I would like to refer to a battle that took place in the village in an unsuccessful attack by the Williamites on Cavan town. Philip J Smyth NT, who has retired from Butlersbridge National School, prepared the following article about this event in “Butlersbridge GFC and its People”: Ed. Paddy Leddy.
In the records of the National Library in Dublin is a letter dated 29 March 1690 from an “Officer at Belturbet to a person of quality in London” giving “an exact account of the taking of the Pass at Butler's Bridge and the demolishing of Cavan with the particulars of the defeating of the Irish forces at that place”.
This incident took place during the Williamite War 1689 – 1691. The Williamites held Belturbet while the followers of King James held Cavan and Butlersbridge the gateway to Cavan. According to the letter the Williamites in Belturbet under Colonel Wolsey decided to mount a surprise attack on Cavan, capture the fort and burn the town. In the afternoon, Colonel Wolsey sent out a party of 430 foot and 300 dragoons to make a 16 mile march and make a surprise dawn attack on Cavan the following morning.
A second party under Major Price consisting of 200 cavalry and 50 infantry were ordered “to march to a bridge called Butlers Bridge where the enemy had a guard of a captain and 40 men, well and strongly fortified”. Their orders were to capture the bridge at all costs and so secure a safe escape route for the main party attacking Cavan. At dawn the Williamite infantry attacked the defenders of the bridge, Captain Bryan Kelly and his men, while the cavalry looked for a crossing point further down the river. After a fight of some hours, the cavalry succeeded in crossing the river at a ford and attacked Kelly and his men from the rear. At that, Kelly and his men surrendered, 17 were taken prisoner, 9 were killed and the rest escaped through the woods. According to the letter the Williamites had only “one horse and two men wounded”. The infantry set about destroying the fortifications in Butlersbridge while the cavalry galloped on to Cavan.

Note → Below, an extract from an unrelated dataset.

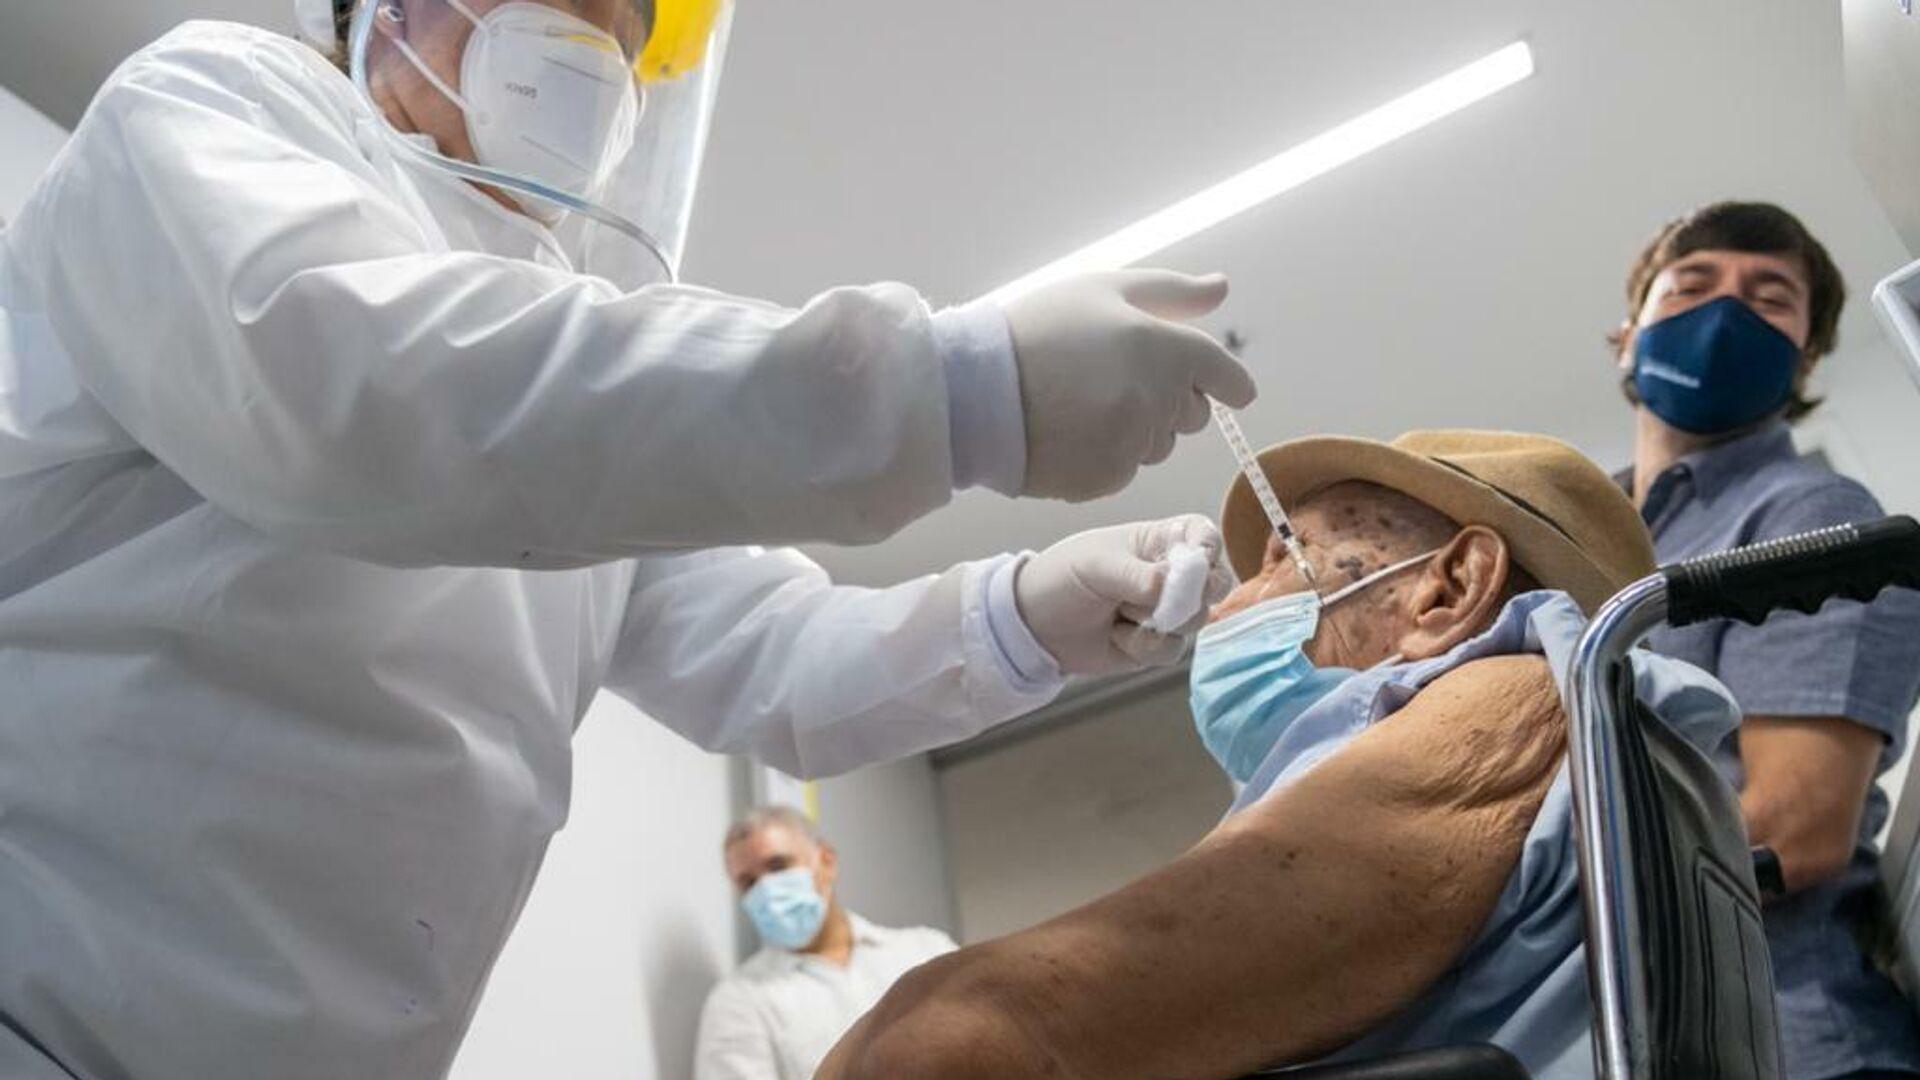 Adel Mass Arcón, persona número un millón en ser vacunada contra COVID-19 en Colombia - Sputnik Mundo, 1920, 17.03.2021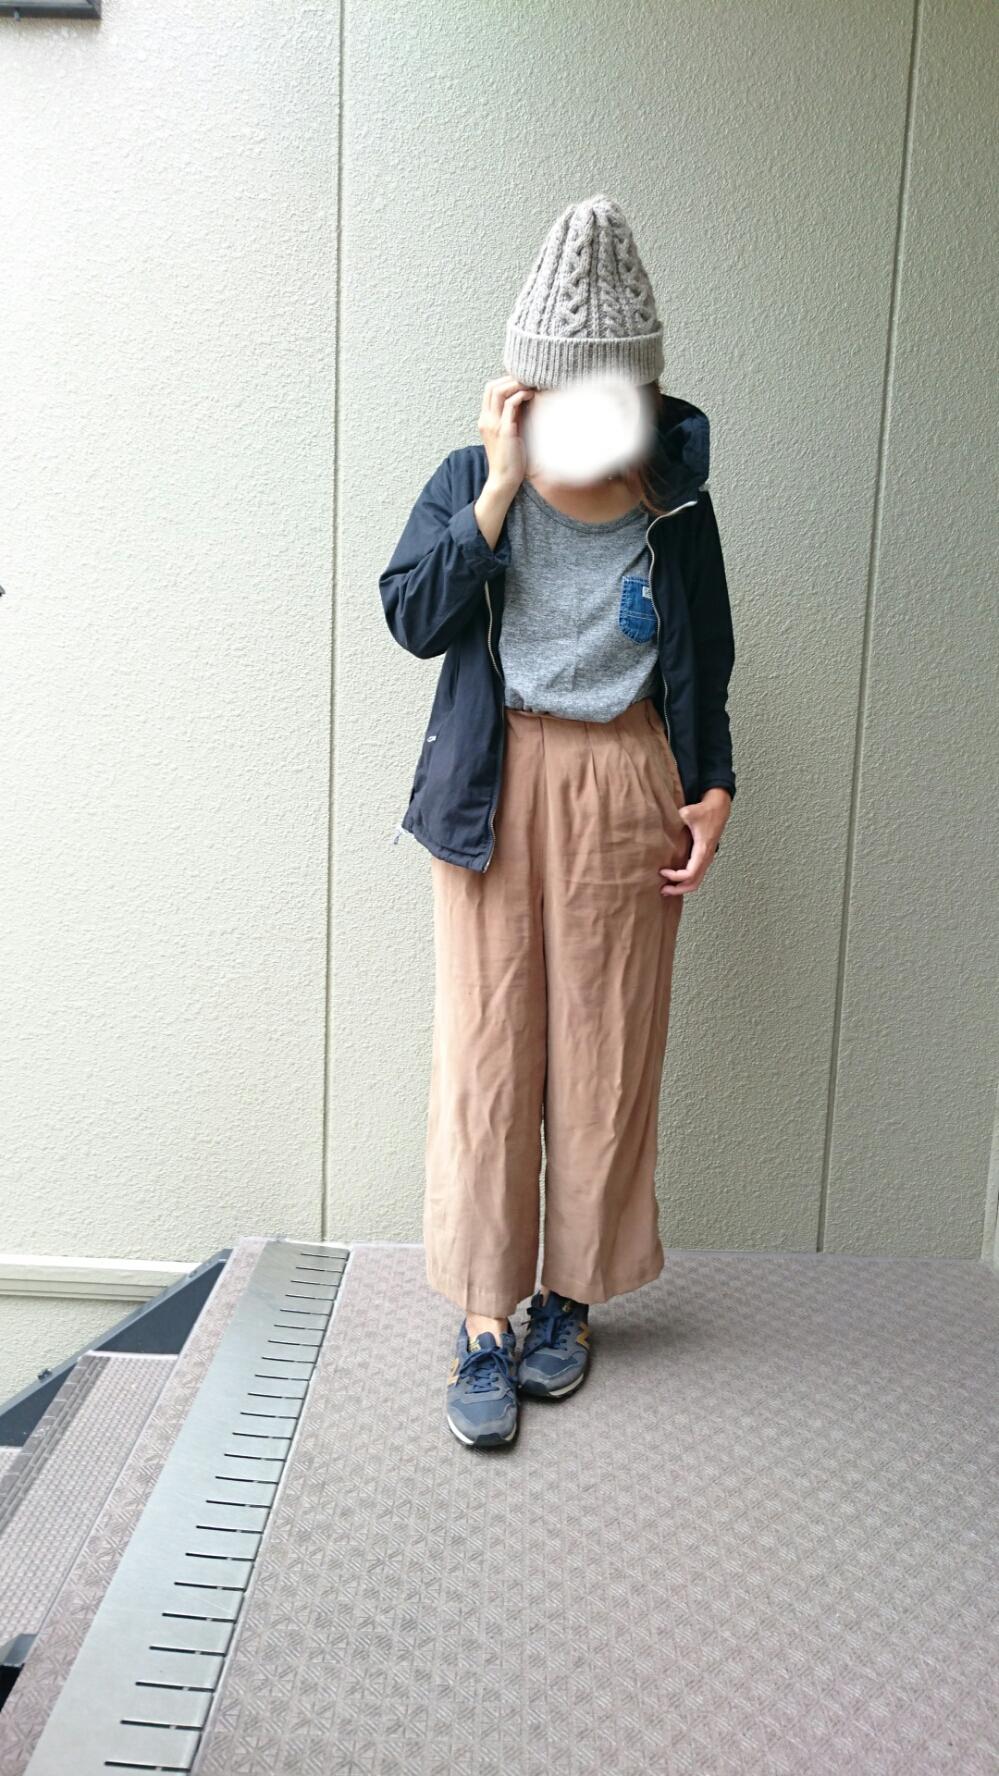 rakugaki_20161005142934002.jpg

In the afternoon the whole army came back from Cavan “having burned all the houses left at that time, except the Town Hall, the Church and one house, with the loss of six men and about as many wounded”. The whole army then withdrew back to Belturbet.
They failed to capture the fort in Cavan, the main object of their attack, because as he says, had they not been held up at Butlers Bridge “for an hour or two they would have been in Cavan at dawn as planned and would have taken Brigadier Wahupps (Cavan Commander) in his bed in the town and most of the rest, but having got the alarm from Butlersbridge, Wahupp had gone to the fort and was prepared for the attack”.
(Reference: British Library London (M23(72) S. M. 812).
A couple of years later a long period of extreme harshness and suppression followed in Ireland with the introduction of the Penal Laws (1691 to 1760). These penal laws attempted to prevent access to Catholics and to a lesser extent Presbyterians from practicing religion, from seeking education, from organizing local and national governments and from structuring a national judiciary. In the townland of Drummany, on the left-hand side of the lane up to Pat Flynn's, a Mass rock or 'Carraig an Aifrinn' is said to have been located, according to local tradition. The Penal Laws were strictly enforced in the first thirty or so years but their application eased and was eventually ended by 1760.
In those days there were major developments occurring elsewhere which had far reaching effects even into our modern world of today. Both the American and French revolutions occurred in the latter decades of the 1700’s. These events promoted freedom, justice and equality as core values and basic rights for all citizens. These aspirations and ideals were pursued by activists in the common interest in many countries and resulted in time, in the formation of democratic and socialist type governments especially in America and across Europe.